Hey good folks of Tinnitus Talk!
I'm Everett. I'm 24 years old and I live in the Midwestern United States.
For as long as I can remember, silence has always been loud. I could not tell you if this was something I was born with, or a result of spending my earliest years in rock venues watching my dad perform with his band. Since I have really never known any different, I am entirely habituated to it. When I'm in a completely silent room, it gets on my nerves, but the general background drone of life and household machinations is enough to cover it. Otherwise my hearing is great — honestly too good for my own sake. I may have a penchant for eavesdropping...
Unfortunately, that's not where my story ends. In late September, I had a nervous breakdown. I felt it coming on. I was paranoid, sleeping less, and I was waking up in the early hours in a total panic with my ears ringing. Then I got into a big blowout fight with my mom and I had complete meltdown (throwing things, screaming, pounding on the walls.) Thank god, my mom is a compassionate woman. She got me calmed down. We put a pin in it. And I took my dog for a walk.

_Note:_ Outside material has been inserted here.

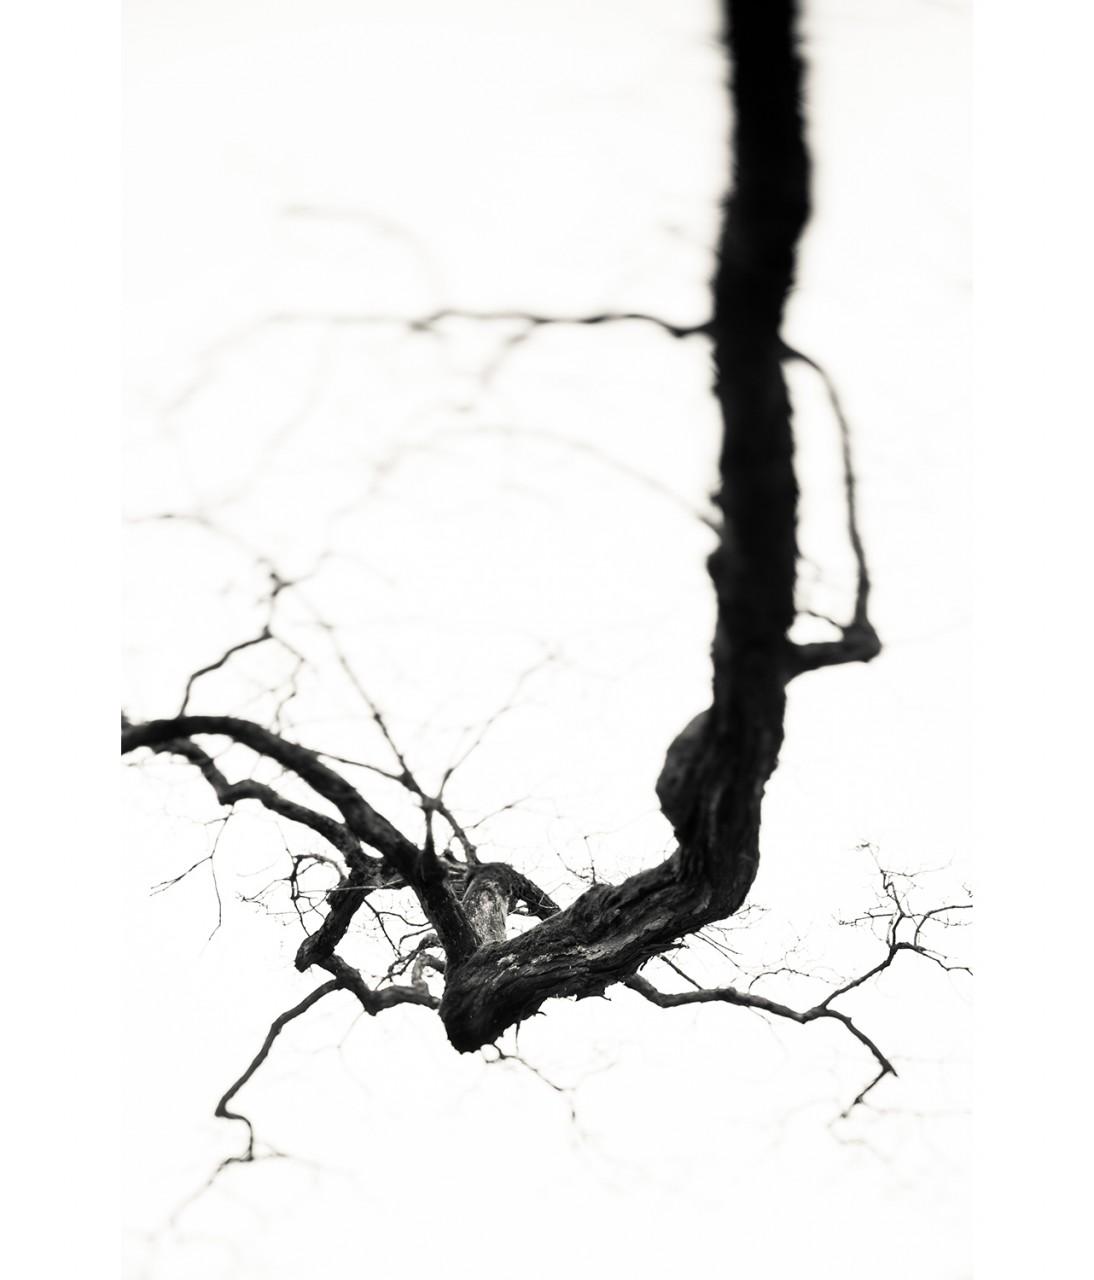 12_Centenial Tree #1

I remember feeling so fucking weird while I was out there. Everything was dream-like, but cold and frightening. My vision was tunneling and I felt like I couldn't walk straight. I walked back home and tried to soothe myself with some silly youtube videos. That's when the ringing broke out in my left ear. Now, I've had fleeting tinnitus in addition to my regular ambient noise for about equally as long. This is your stereotypical tinnitus sound. Like the folly they'd use in a movie or video game after someone got flashbanged. It would last anywhere from 15 seconds to a minute, and it always went away. I'm sure you know where this is going.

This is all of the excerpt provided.